Leslie Kitchin's avatar

I was named after my grandfather. His middle name was Leslie.

Dale of Green Gables's avatar

I assume those of you from Planet Leslie come in peace.

Steve Worona's avatar

Linking two topics from these comments (1950s-era history-themed TV series and England (but not punctuation)), don't forget "The Adventures of Robin Hood". (Betcha lots of you can sing that song from memory: "…feared by the bad, loved by the good, Robin Hood…".) Not widely known at the time (certainly not by me and the rest of the pre-adolescent audience) was its role as an outlet for blacklisted US writers. See "Blacklisted writers" in the Wikipedia entry for more: https://en.wikipedia.org/wiki/The_Adventures_of_Robin_Hood_(TV_series)

Jill M Fosse's avatar

I loved the Robin Hood series and yes I remember the theme song and all the words.

Jane Kirtley's avatar

I learned about those exiled blacklisted writers for Robin Hood some years ago; they wrote under pseudonyms. If you watch the series now (and I do!), you'll see how the plots often center on informers and the risk of betrayal. I watched the show as a very small child when it first aired on CBS, and then in syndication. I read that some local affiliates figured out who the writers were and stopped running the show because they thought it was subversive. Which it was.

Steve Worona's avatar

Rob from the rich and give to the poor, what could be more subversive?

Robot Bender's avatar

Did they still run Rocky and Bullwinkle? Talk about subversive! 😆

Sarah's avatar

Memory is truly an amazing thing. As soon as I read your reference to "The Swamp Fox" before I came across the link, the theme song began running through my head -- stored by an 8 year old's brain. I'll have to send it to my brother and see if his 6 year old brain retained the tune.

LynnB's avatar

Hats never came off in the 50's and 60's. It must have been some kind of law.

His second. "Give me hand" should have been, "give me a leg up", but that is just the old equestrian in me complaining.

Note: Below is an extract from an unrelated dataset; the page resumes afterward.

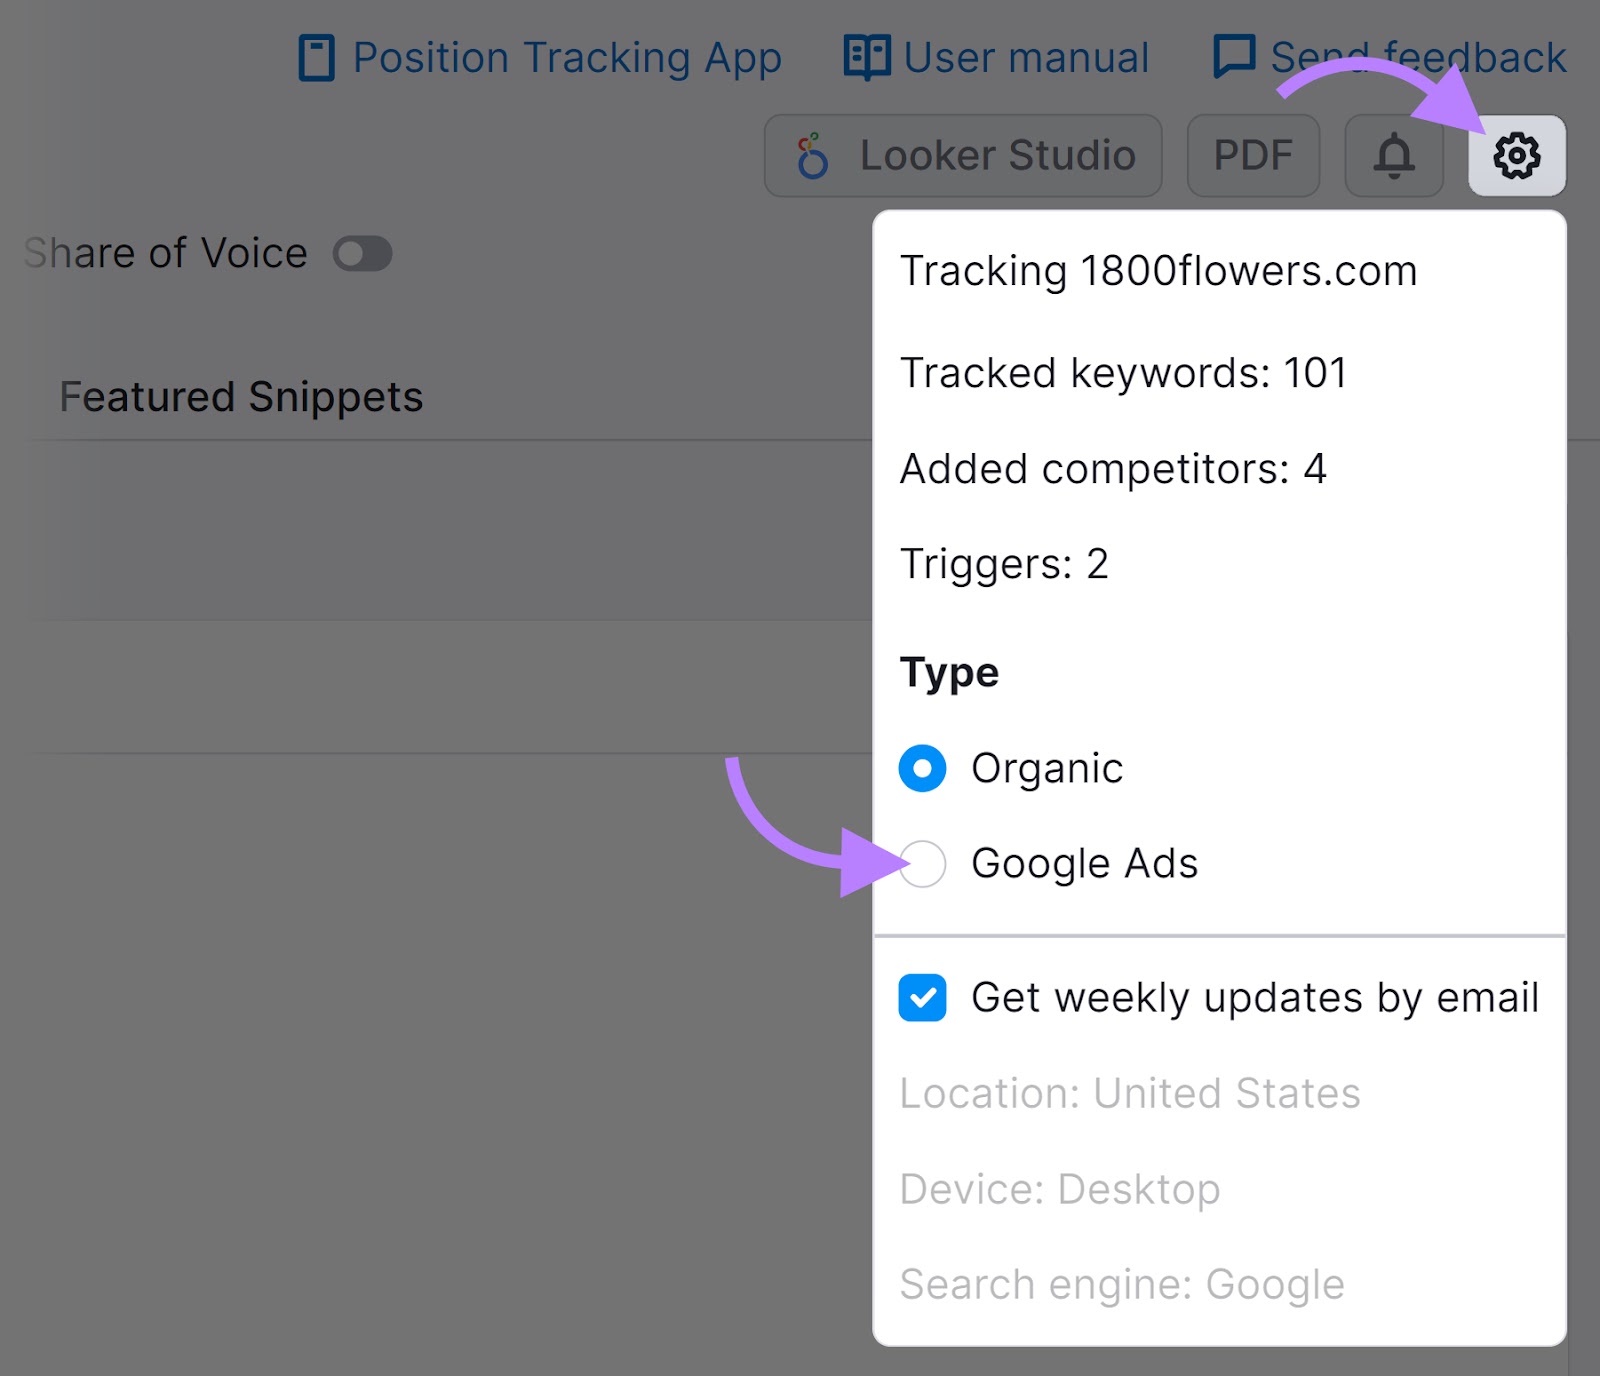 Position Tracking tool showing the gear icon location and an arrow pointing to the "Google Ads" type.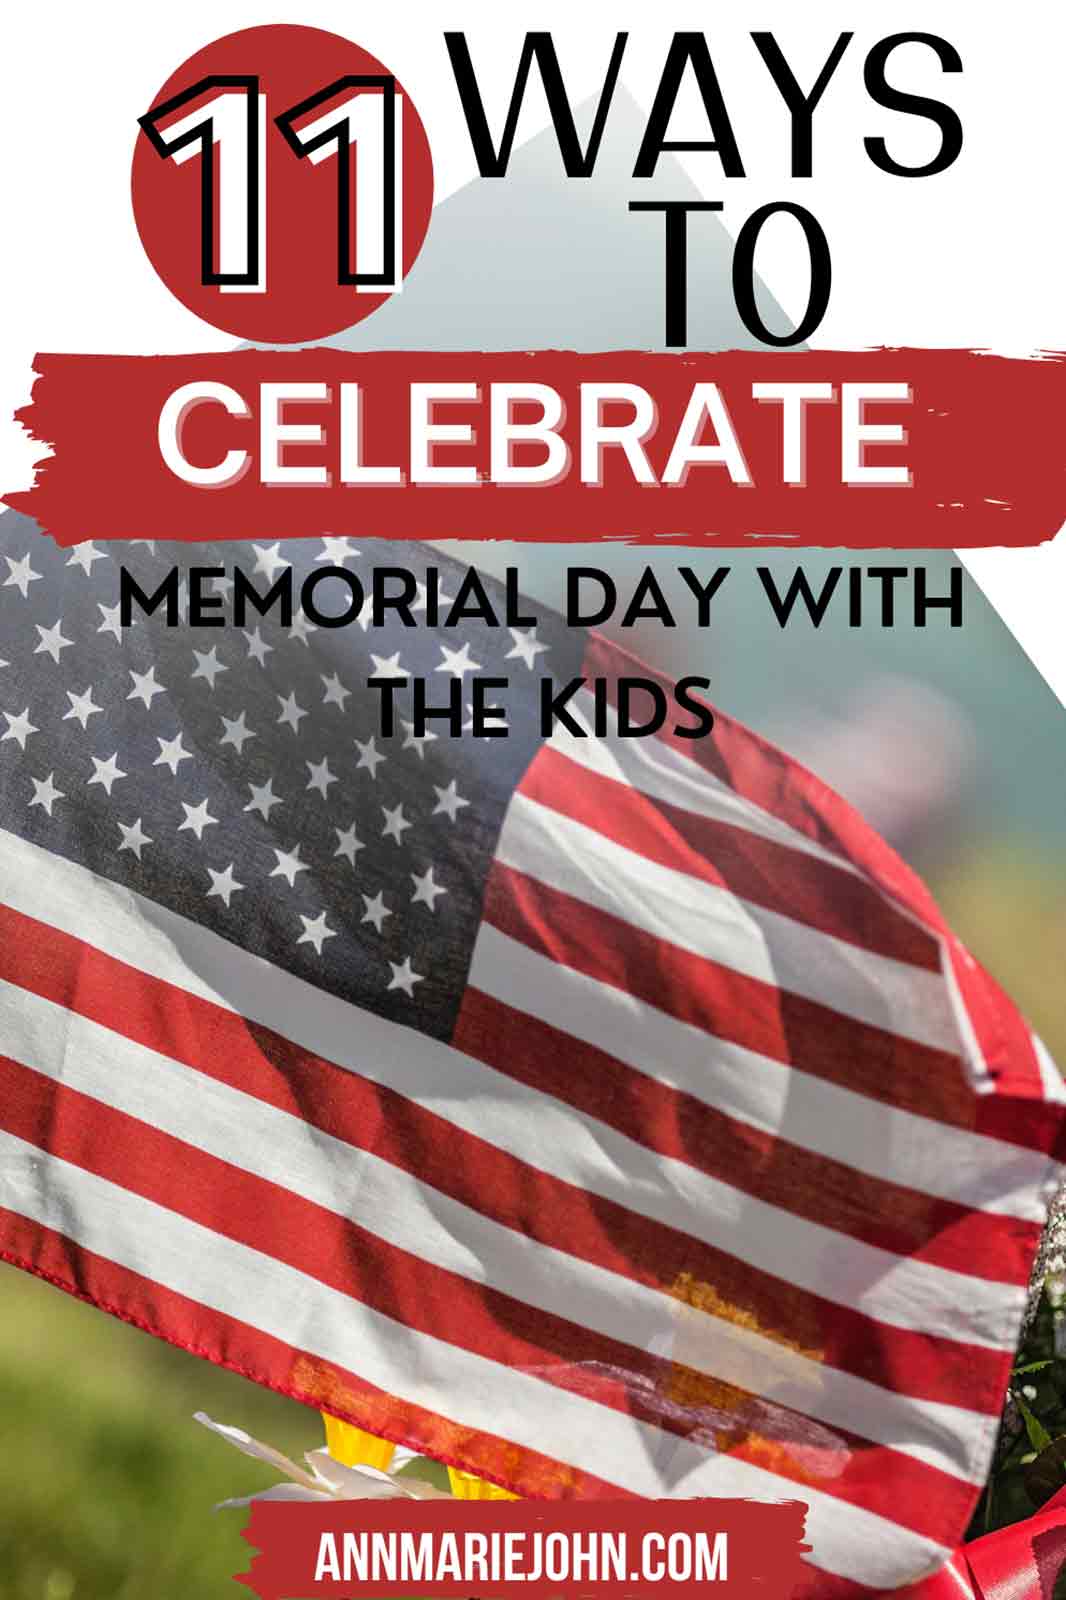 11 Ways To Celebrate Memorial Day With Kids Annmarie John

I used to watch that show. Sheesh.

Jane Kirtley's avatar

I was 6 years old when The Swamp Fox originally paired on Walt Disney Presents. Even as a child, I thought the production values were stunning. Didn't realize who played Marion until many years later when a few episodes were released on DVD. In the historical novel "Celia Garth," set in Charleston, Marion's fall from the window ostensibly occurred when he was drunk. Many, many towns and counties throughout the South and Midwest are named after him to honor his wartime heroics.

Jane Kirtley's avatar

"Aired," not "paired." Sigh.

Ed Rorie's avatar

You can click the three dots on your own comment and edit it.

Rhonda's avatar

When I was in elementary school we played Swamp Fox vs. Red Coats at recess.